(DATA SHOWN)

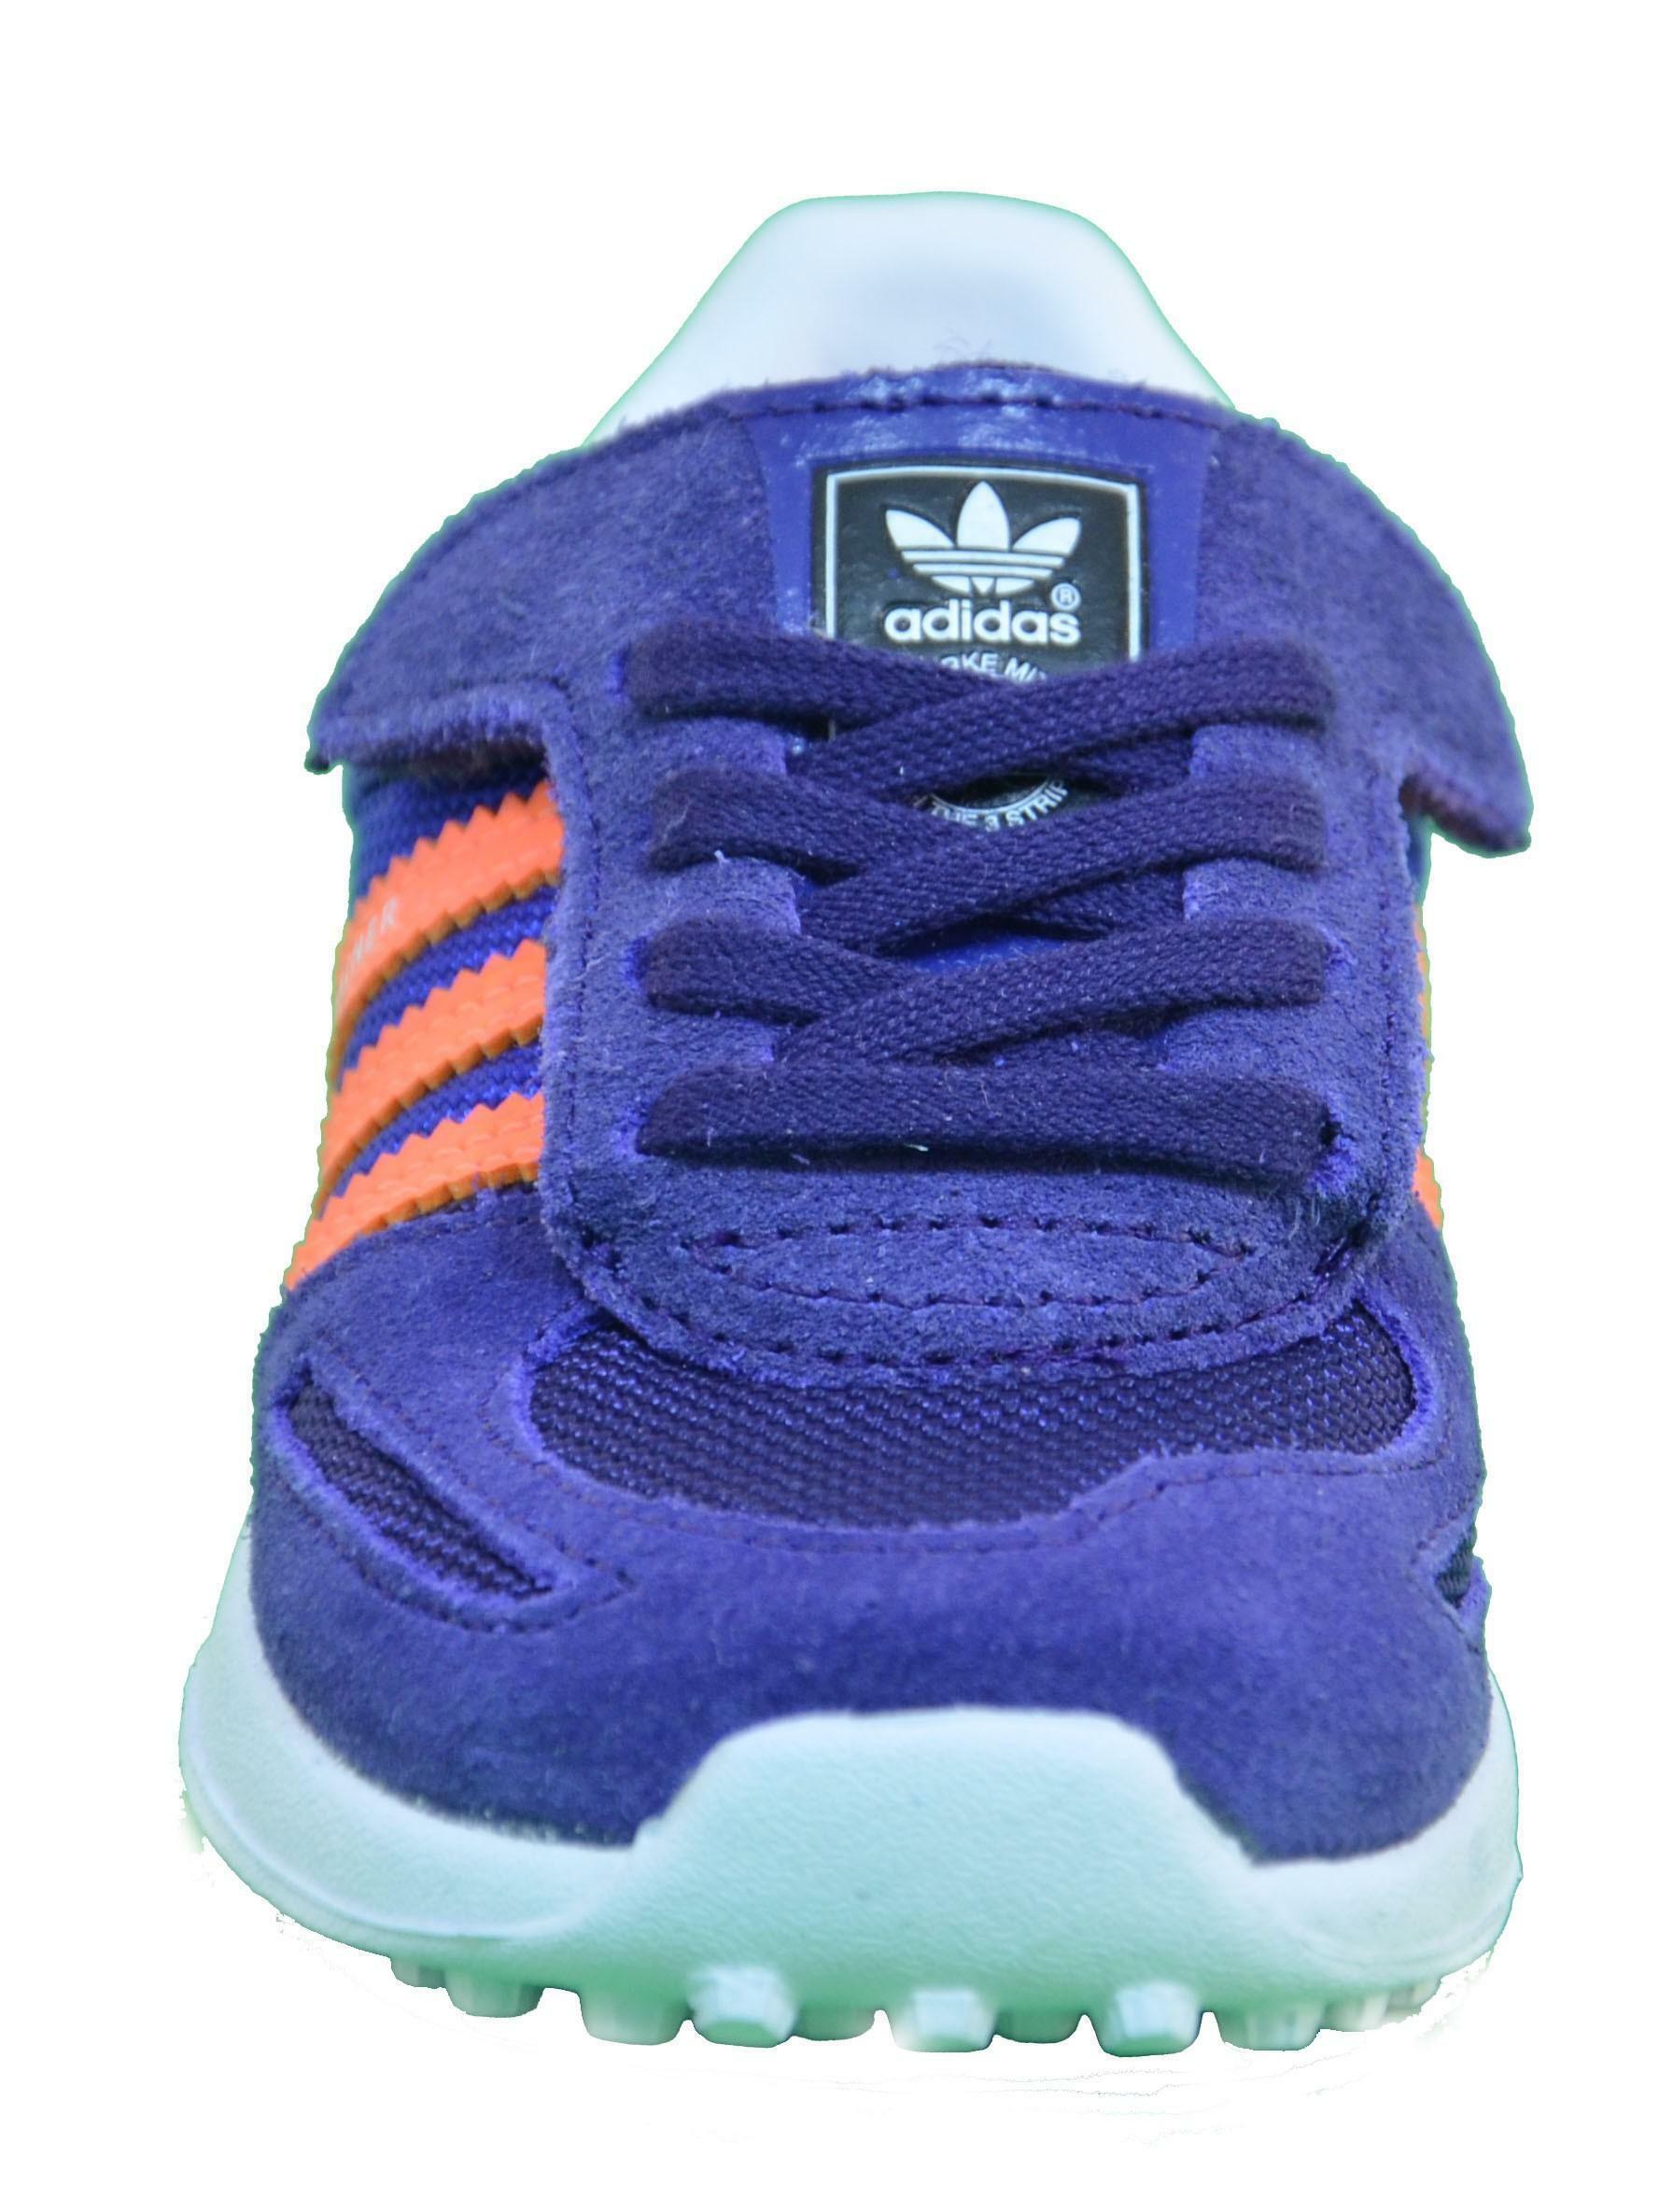 adidas adidas la trainer viola scarpe bambina pelle lacci strappi m17130
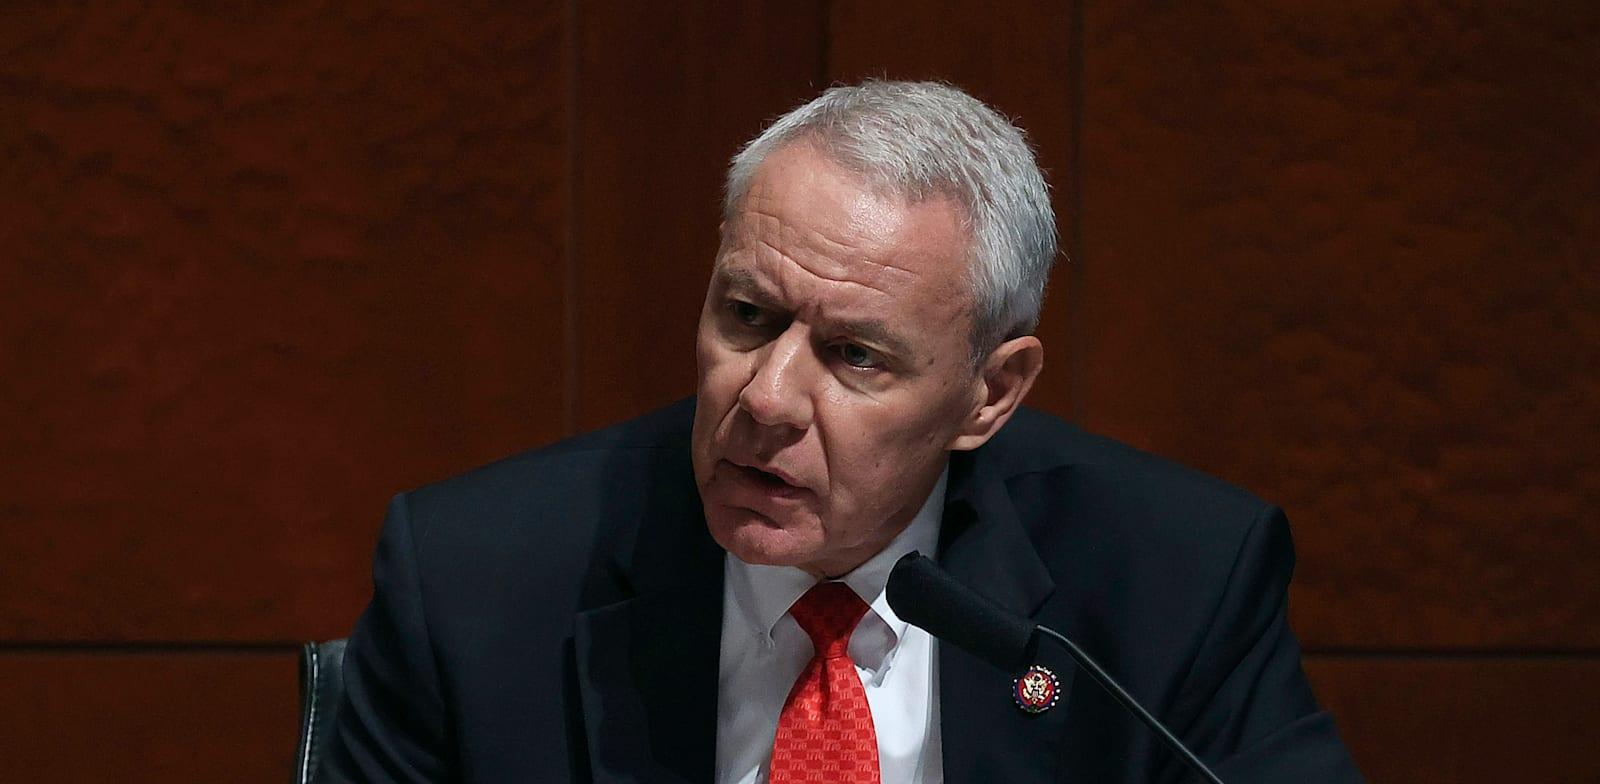 חבר הקונגרס קן באק / צילום: Associated Press, Chip Somodevilla/Pool
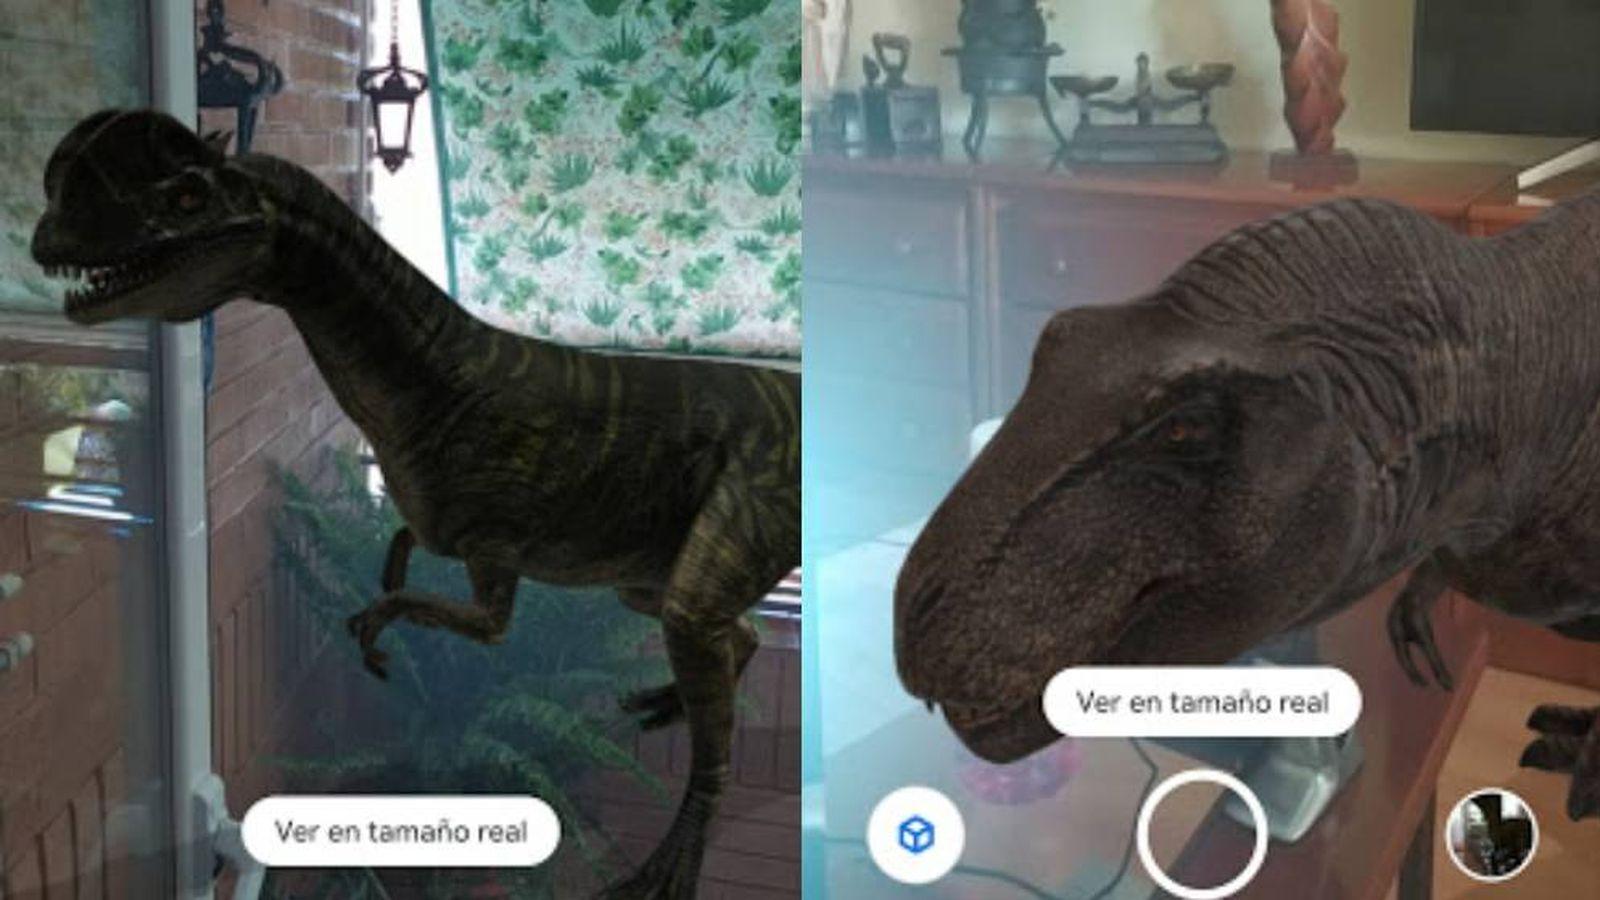 Asi Puedes Ver Los Dinosaurios En 3d De Google En Tu Propia Casa Informacion sobre dinosaurios, para niños o adultos. los dinosaurios en 3d de google
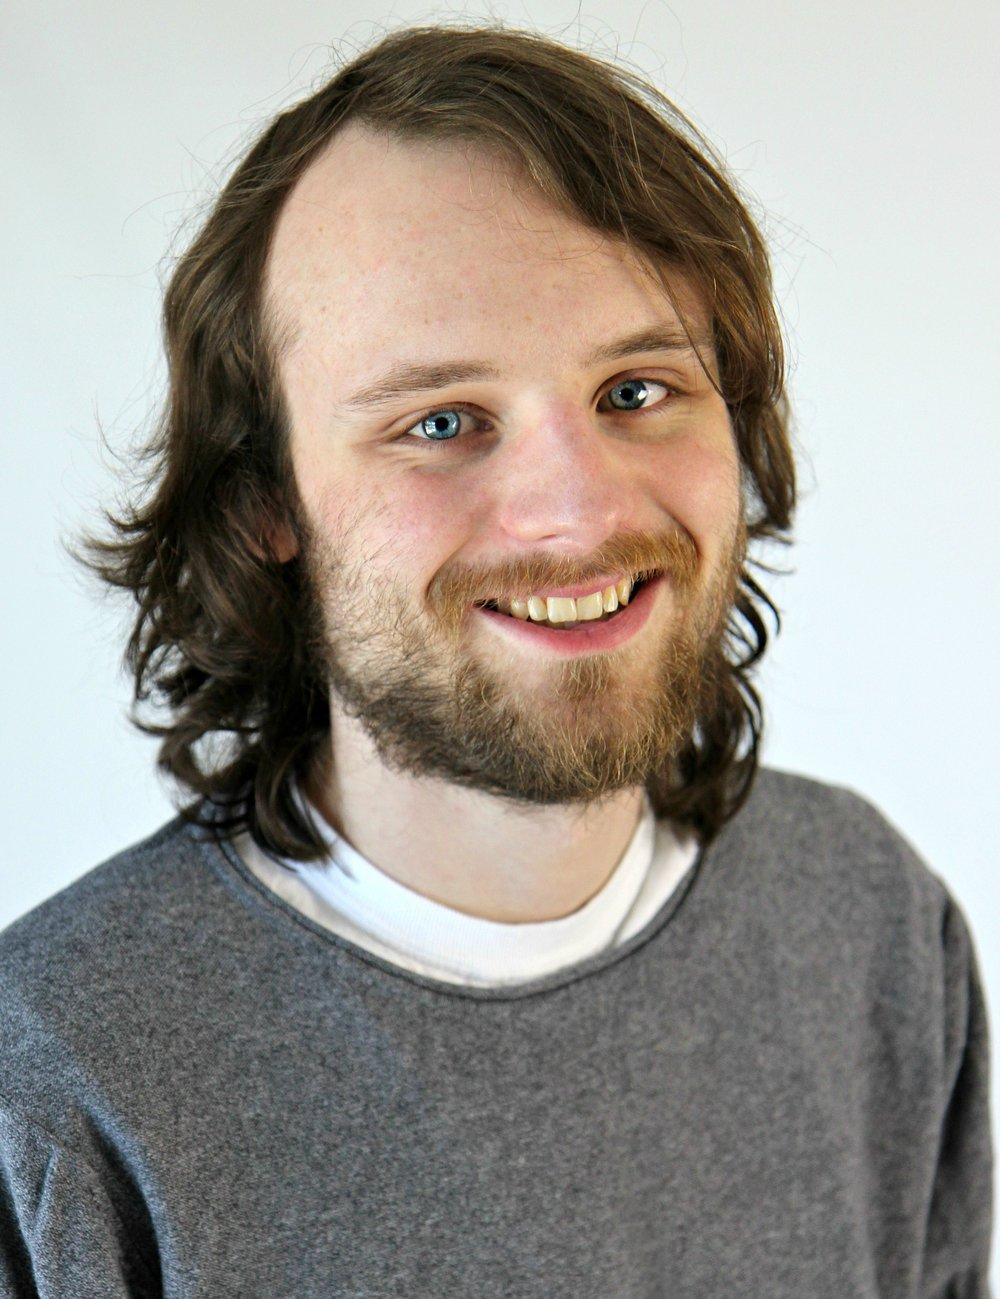 Josh Sunderman

(End DATA SHOWN)

**DESCRIPTION OF THE TASK**. Nothing should be printed except the lines from the one with "Asi Puedes Ver" through the last line of the listing above, both ends included; please drop the pictures.

**EXPECTED OUTPUT**.
 Asi Puedes Ver Los Dinosaurios En 3d De Google En Tu Propia Casa Informacion sobre dinosaurios, para niños o adultos. los dinosaurios en 3d de google
 Josh Sunderman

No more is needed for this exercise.